I’m not an active OpenBSD user, but I’m reasonably confident that the OpenBSD W^X check kills any violating process since about 2016. Applies to all executables (not just system services/daemons with conscientious maintainers who think to apply that setting) except if the filesystem is mounted wxallowed. I think that’s a strict improvement.

I like systemd on Linux, but I think the systemd sandboxing is chasing OpenBSD, not the other way around.
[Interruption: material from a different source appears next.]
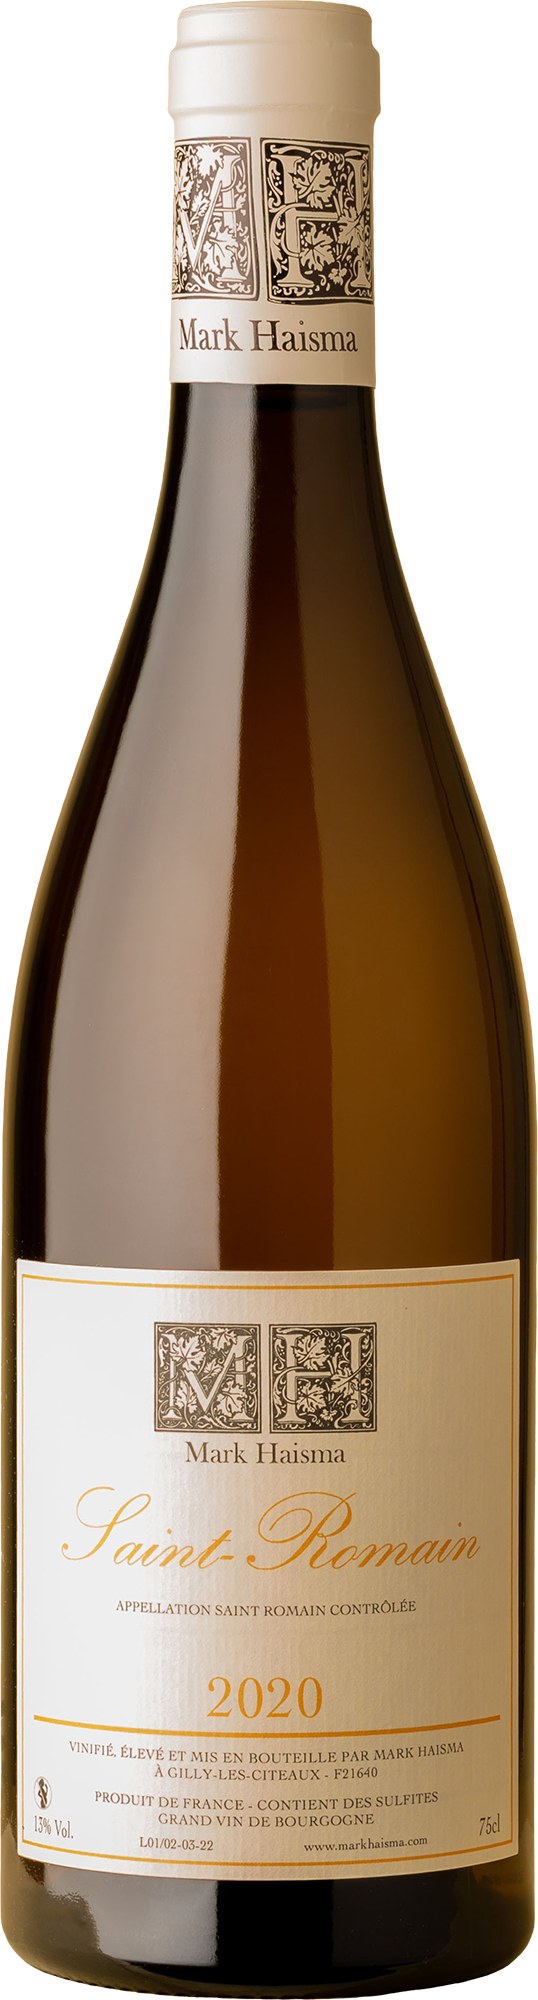 Mark Haisma - Saint-Romain Blanc Chardonnay 2020
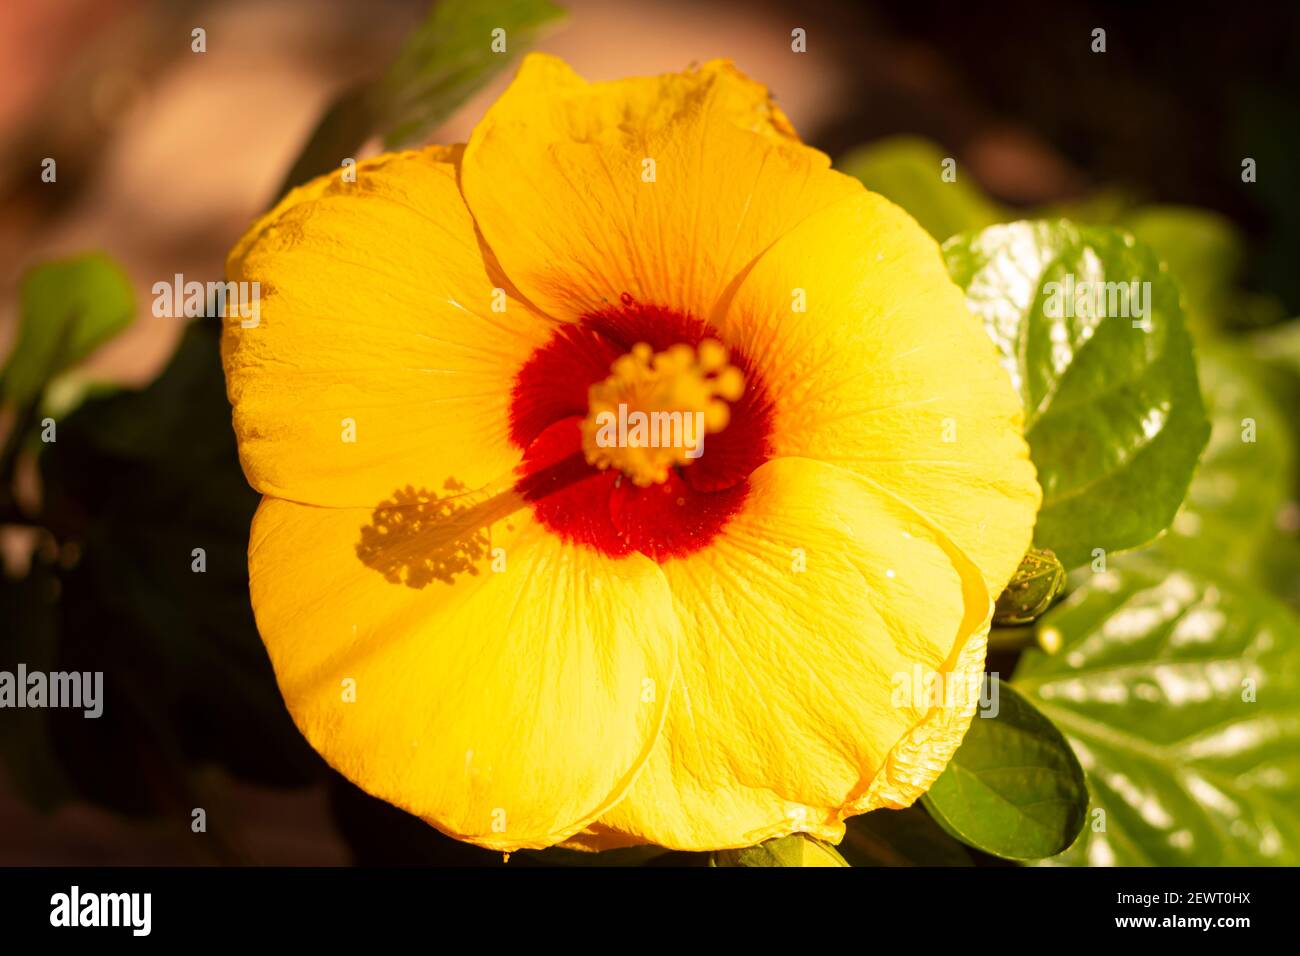 Flor del estado de hawai fotografías e imágenes de alta resolución - Alamy

Doesn't systemd's sandboxing do seccomp-bpf? Pledge is an interesting system, but it's not BPF.
systemd’s syscall filtering is pretty good and comparable to pledge in terms of ease of use — both let you use nice aliases for sets of syscalls, like stdio or @aio. I’ve only _played_ with both, so my opinions are weakly held, but pledge+unveil excel for designing a system where I have full source code control/authorship, and systemd’s sandbox excels for deploying third party services. pledge+unveil just make it so easy to incrementally drop privileges after your initialization phase(s), where for systemd, so far as I know, you’d have to have separate service files for the smaller sandboxes of subsequent phases — or better yet, use seccomp-bpf directly, or even better... a pledge-like wrapper on top.

Ideally your app wouldn’t need any more syscalls at startup than it needs later on though, so it’s quite legitimate to argue it’s no big deal at all, or that systemd encourages better design discipline.